Guardrails (a violation surfaces as 415):

  • the resolved path (symlinks followed) must be an existing regular file;
  • size ≤ EVEROS_MULTIMODAL__FILE_URI_MAX_BYTES (default 50 MiB);
  • if EVEROS_MULTIMODAL__FILE_URI_ALLOW_DIRS is set, the path must lie within one of the listed roots (unset = any readable file, the local-first default — confine this when exposing the API beyond loopback).

Calling from Python (plain HTTP)

There is no EverOS Python client; call the HTTP API directly with any HTTP library:

import httpx

httpx.post(
    "http://127.0.0.1:8000/api/v1/memory/add",
    json={
        "session_id": "mm-001",
        "messages": [
            {
                "sender_id": "alice",
                "role": "user",
                "timestamp": 1748390400000,
                "content": [
                    {"type": "text", "text": "Here's the whiteboard from today's meeting."},
                    {"type": "image", "uri": "https://example.com/whiteboard.png"},
                ],
            }
        ],
    },
)

Configuration reference

All fields bind from the environment via the parent Settings (EVEROS_MULTIMODAL__<FIELD>) or the [multimodal] TOML section.

Env varDefaultMeaning
EVEROS_MULTIMODAL__MODELgoogle/gemini-3-flash-previewParsing model; must accept image_url parts
EVEROS_MULTIMODAL__API_KEYAPI key for the multimodal endpoint
EVEROS_MULTIMODAL__BASE_URLhttps://openrouter.ai/api/v1OpenAI-compatible base URL
EVEROS_MULTIMODAL__MAX_CONCURRENCY4Cap on parallel multimodal calls within one extraction
EVEROS_MULTIMODAL__FILE_URI_MAX_BYTES52428800 (50 MiB)Max size of a file:// asset
EVEROS_MULTIMODAL__FILE_URI_ALLOW_DIRS[] (any)JSON list of allowlisted base dirs for file:// URIs

Errors and limits

Two failure classes behave differently. Deterministic problems (nothing to parse, no handler, missing system dependency) abort the whole /add batch with 415. A transient multimodal-LLM failure (timeout, rate-limit, the model rejecting the asset) degrades just that item — the request still returns 200, the item is marked parse_status="failed" and contributes no text, and the rest of the batch extracts normally.

ConditionResult
Non-text item carries only text (no uri / base64)415 (batch aborted)
Extension / modality the parser has no handler for415 (batch aborted)
base64 without a resolvable ext / MIME to dispatch on415 (batch aborted)
Office document but no LibreOffice (soffice) on host415 (batch aborted)
file:// fails a guardrail (missing / non-regular / too large / outside allowlist)415 (batch aborted)
Multimodal LLM call fails (timeout / rate-limit / model rejects the asset)200 — that item is skipped (parse_status="failed"), the rest of the batch still extracts

The 415 body uses the standard error envelope with the parse-failure reason in error.message — see api.md → POST /add.

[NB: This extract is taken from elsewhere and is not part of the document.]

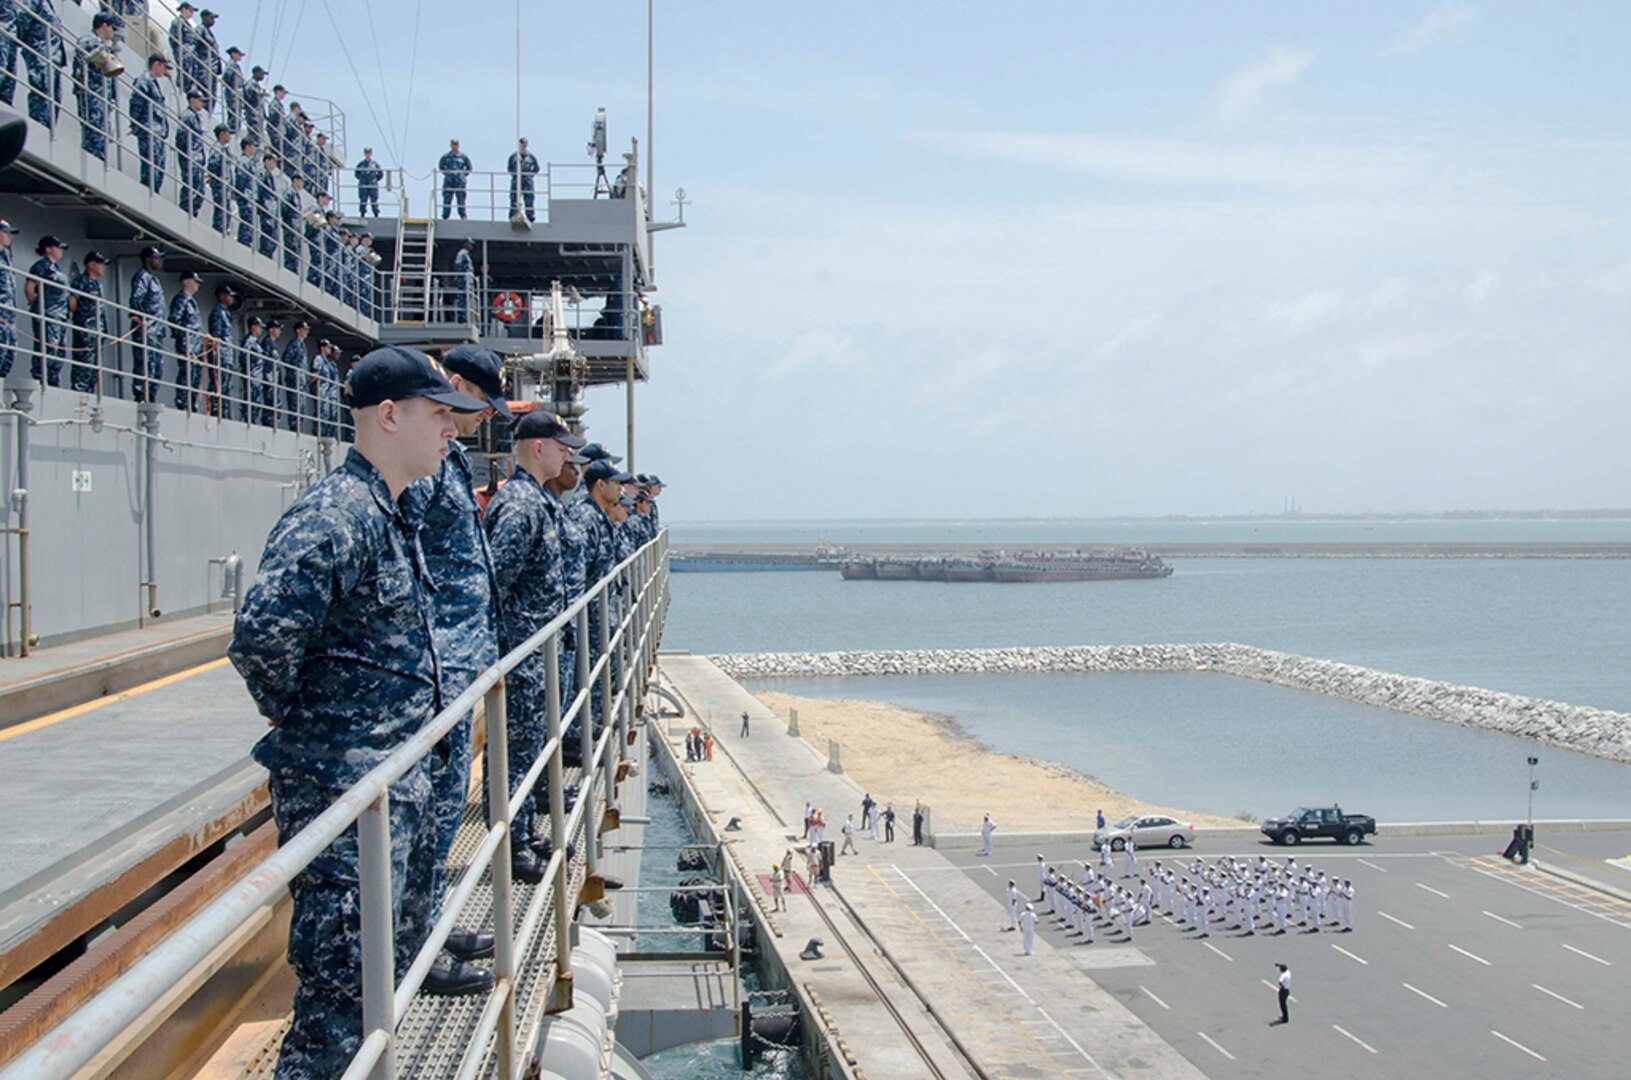 Sailors assigned to the submarine tender USS Frank Cable (AS 40), man the rails while pulling into Colombo, Sri Lanka. The visit is aimed at building friendship and goodwill between the U.S. and the people of Sri Lanka, Aug. 29, 2016. Frank Cable is one of two forward-deployed submarine tenders and is on a scheduled deployment in the U.S. 7th Fleet area of operations to conduct maintenance and support of deployed U.S. naval force submarines and surface vessels in the Indo-Asia-Pacific region.

Searching multimodal memory

Nothing special is required. Because parsed text is folded into the same episodes and memory cells as text turns, every retrieval method works across multimodal-derived memory unchanged:

curl -X POST http://127.0.0.1:8000/api/v1/memory/search \
  -H 'Content-Type: application/json' \
  -d '{
    "user_id": "alice",
    "query": "whiteboard from the planning session",
    "method": "hybrid"
  }'

keyword, vector, hybrid (default), and agentic all apply — see api.md → SearchMethod.